In the present study, two methods for fabrication of PVP hydrogels with silver nanoparticles were used and the antimicrobial activity was evaluated. Silver nanoparticles synthesized by gamma radiation were dispersed in PVP matrix before radiation polymerization. Secondly, radiolytic synthesis of silver nanoparticles within the PVP hydrogel was attemped. The hydrogel matrix was obtained by gamma irradiation induced crosslinking, while the in situ reduction of Ag+ ions was performed using strong reducing species formed under water radiolysis. The radiolytic method is very suitable for generating metal nanoparticles in the solution. Radiolytically generated species, solvated electrons and secondary radicals exhibit strong reduction potentials, and consequently metal ions are reduced. The control of particle size is achieved by the use of capping agents such as polymers, which are present during the formation of metal clusters. Polymer molecules interact with the growing metal particles, inhibiting the aggregation process [24]. UV-Vis and EDX spectra confirmed the formation of silver nanoparticles in the hydrogel network.

Antimicrobial activity of polymer networks containing silver nanoparticles prepared by two different methods was evaluated against the common wound contaminants. The killing curves were determined for the four clinically relevant microorganisms- P. aeruginosa, S. aureus, E. coli and C. albicans. According to the results obtained with PVP hydrogels, it is evident that the antimicrobial activity of the hydrogels varied with the method of nanosilver incorporation. Several mechanisms have been postulated for the antimicrobial properties of silver nanoparticles. Nanosilver may release silver ions and generate reactive oxygen species (ROS); interact with membrane proteins affecting their function; accumulate in the cell membrane affecting membrane permeability; and enter into the cell where it can generate ROS, release silver ions, and affect DNA [25]. Several factors have been reported to influence activity of silver nanoparticles. The bactericidal effect of silver nanoparticles is size dependent [26]. Change in reactivity and properties of nanoparticles are attributable to their small size, compared with bulk matter.

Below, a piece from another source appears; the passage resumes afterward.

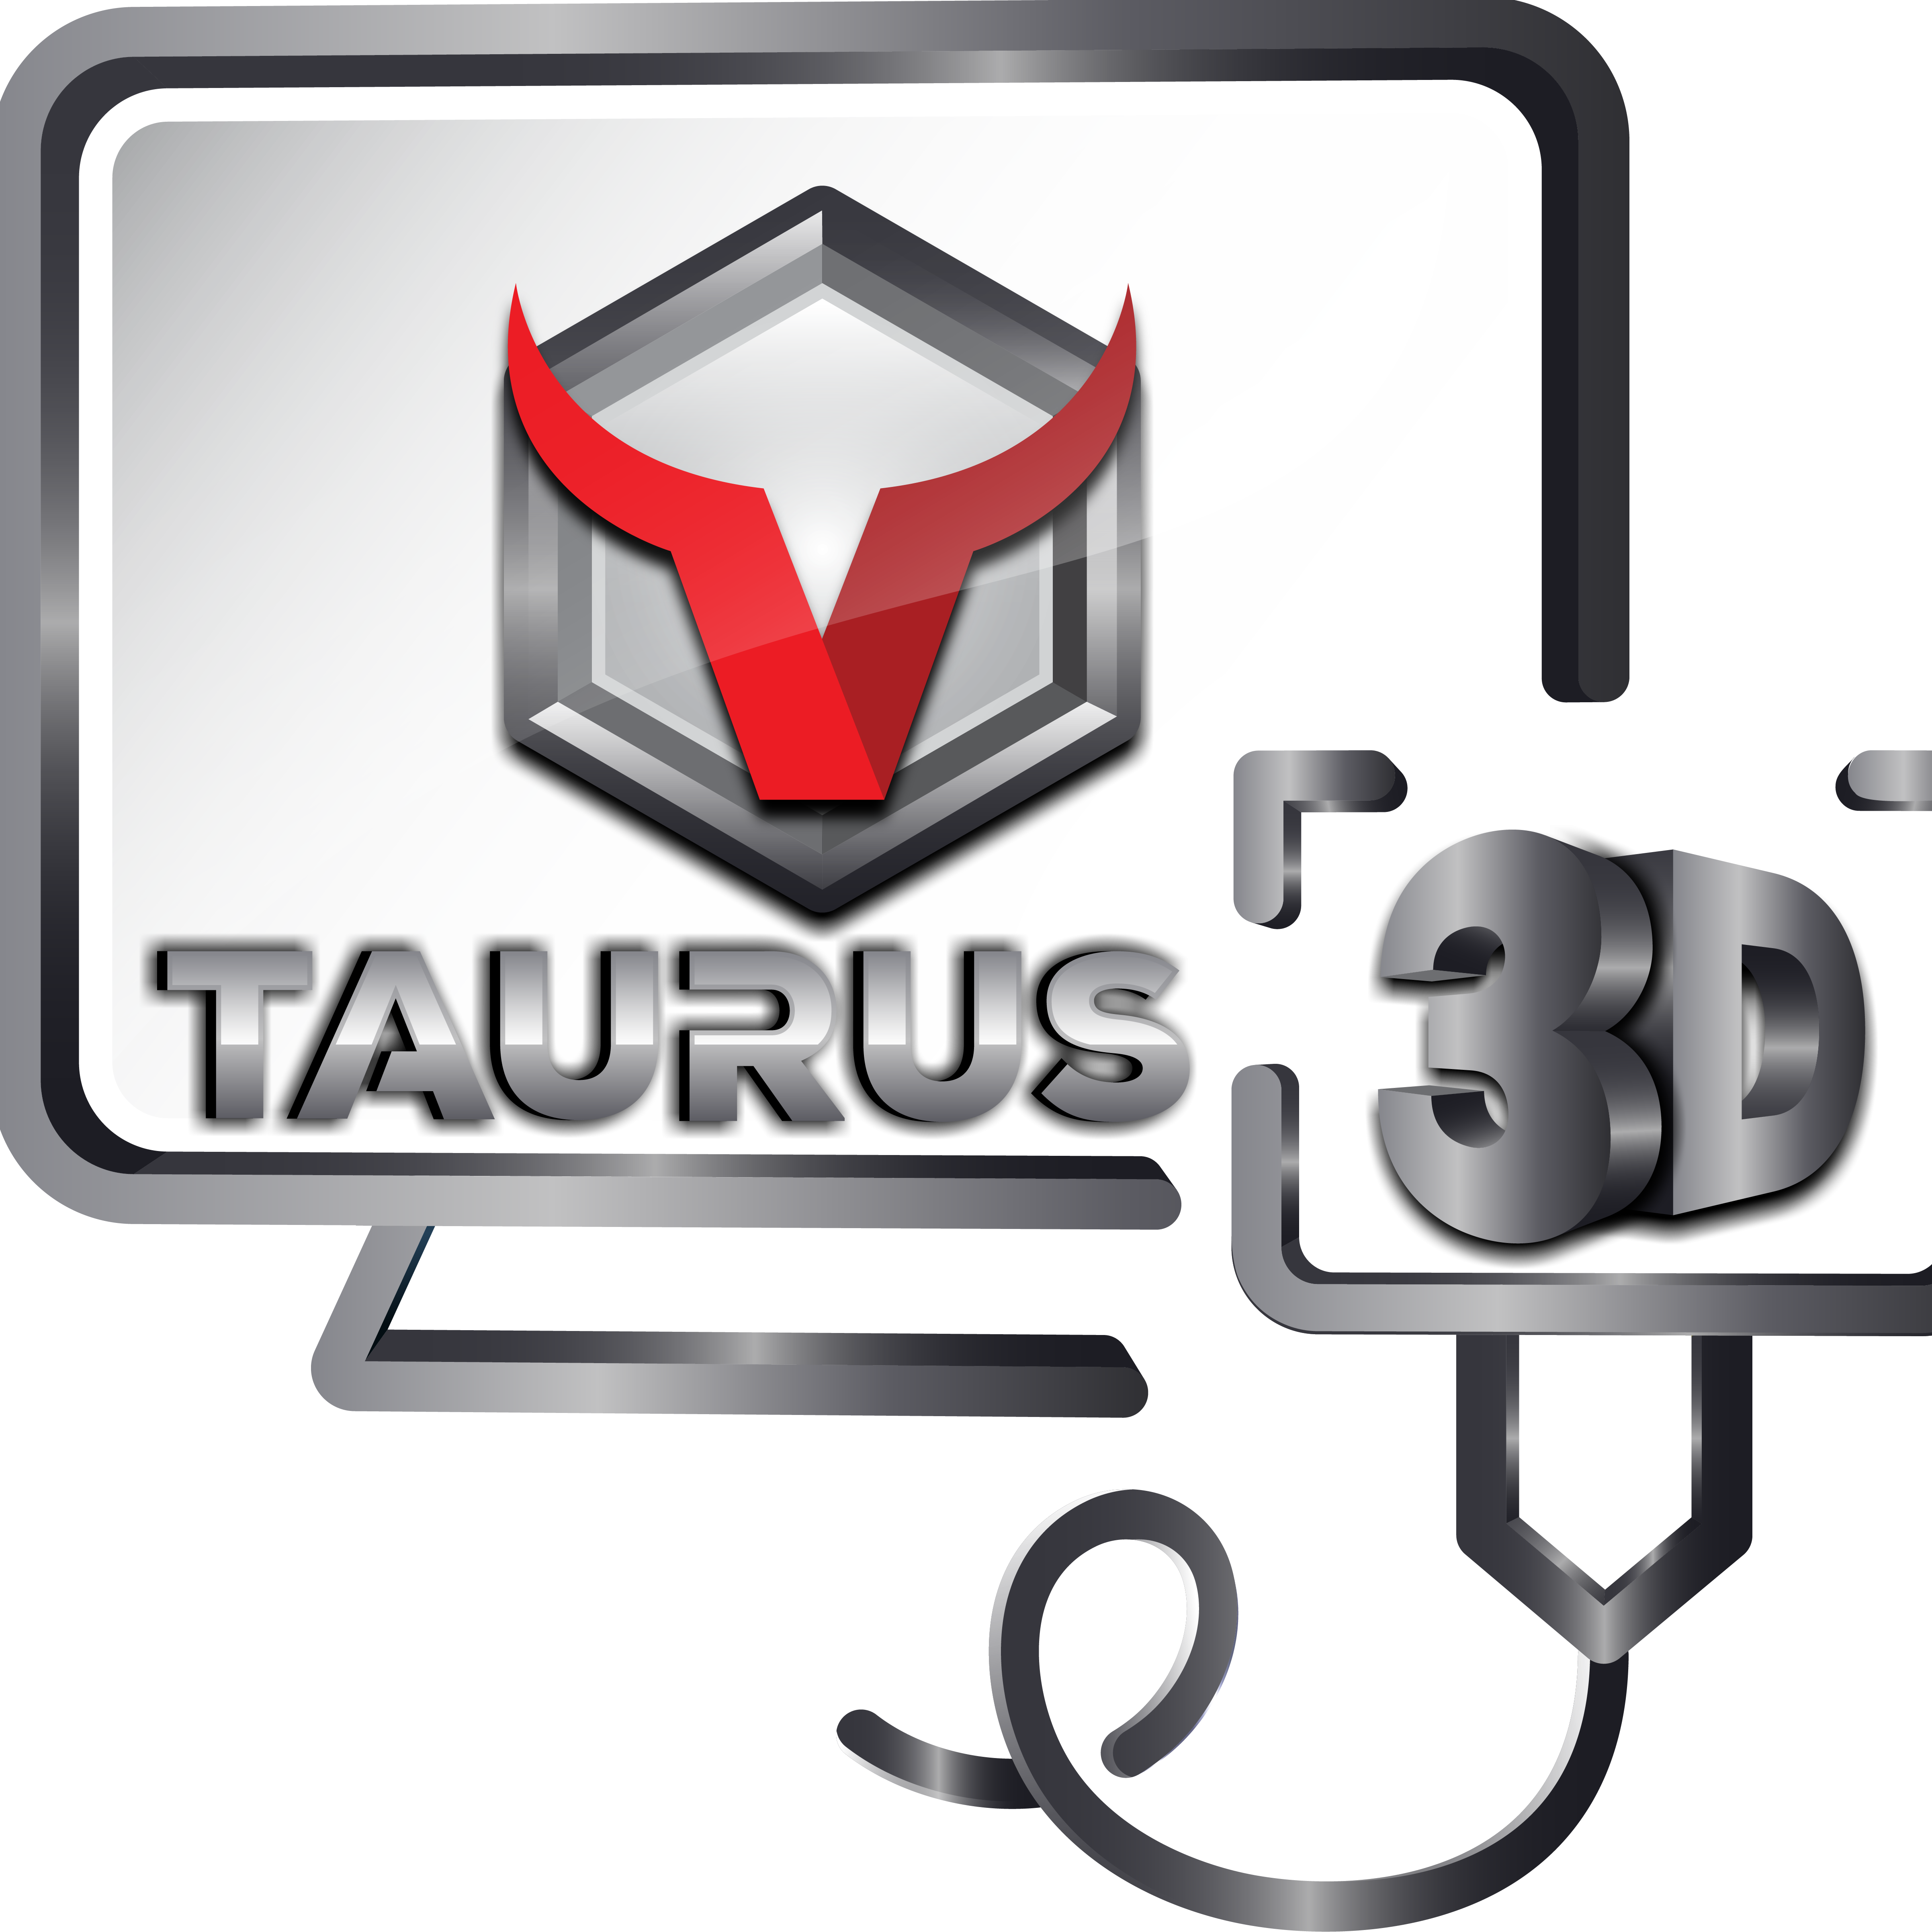 Taurus3D
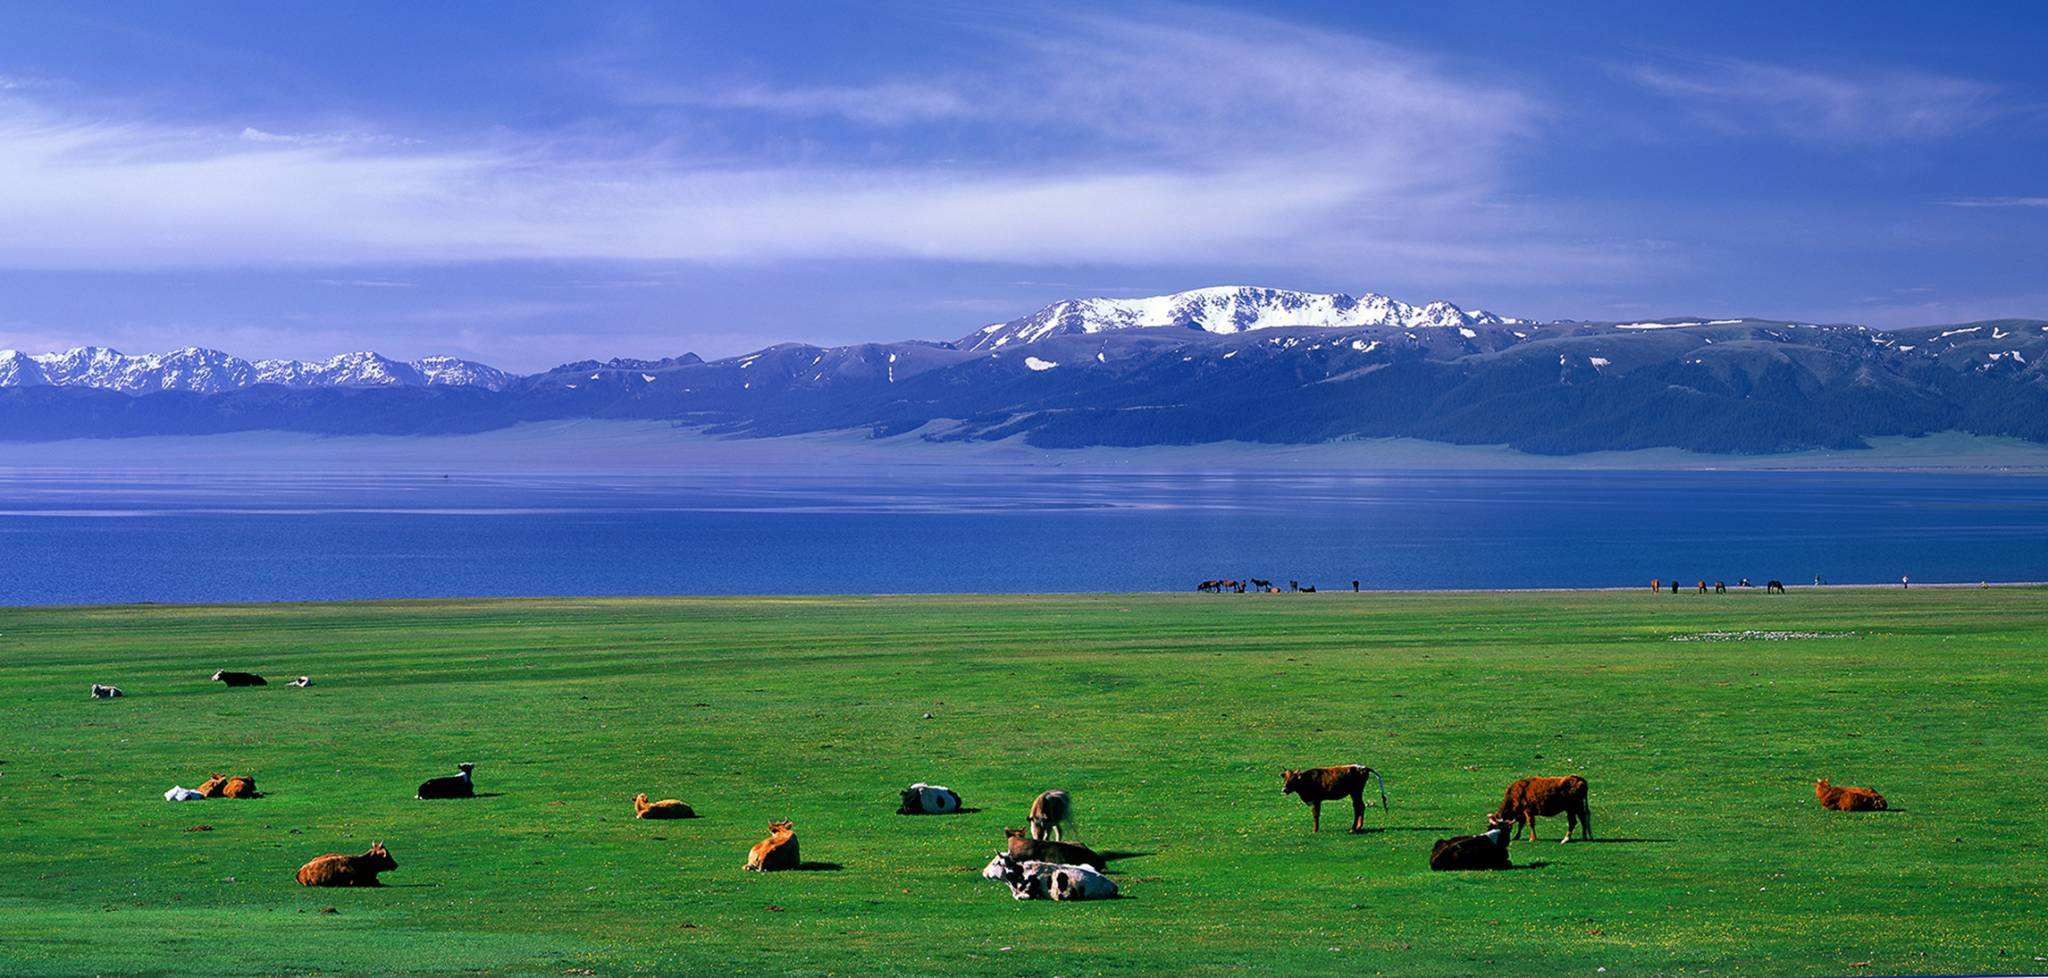 【途牛首发】旅游新疆十天自驾游,在北疆体验一年四季的美景!

The smaller the size, the larger the surface-area to volume ratio; hence, the antimicrobial activity of silver nanoparticles is affected by the size of the nanoparticles. Depending on the size of the nanoparticles, large surface area comes in contact with the bacterial cells to provide a higher percentage of interaction than bigger particles. The bactericidal potential of nanoparticles is also influenced by their shapes, which is shown by studying the bacterial growth inhibition by differentially shaped nanoparticles [26]. Stability of silver nanoparticles also influences activity since the formation of aggregates tends to decrease biocidal activity. Different surfactants and polymers have been used to stabilize silver nanoparticle dispersions and enhance biocidal activity [27, 28]. The results of the present study indicated remarkably strong antimicrobial activity of silver nanoparticles-polymer composite prepared by in situ reduction of silver as compared to ex-situ addition of silver nanoparticles to the polymer matrix.

5. Conclusion

Two methods for fabrication of PVP hydrogels with silver nanoparticles were used. Silver nanoparticles synthesized by gamma radiation were dispersed in PVP matrix before radiation polymerization. Secondly, radiolytic synthesis of silver nanoparticles within the PVP hydrogel was carried out. Higher antimicrobial activity was observed for silver nanoparticles-polymer composite prepared by in situ reduction of silver in polymer matrix.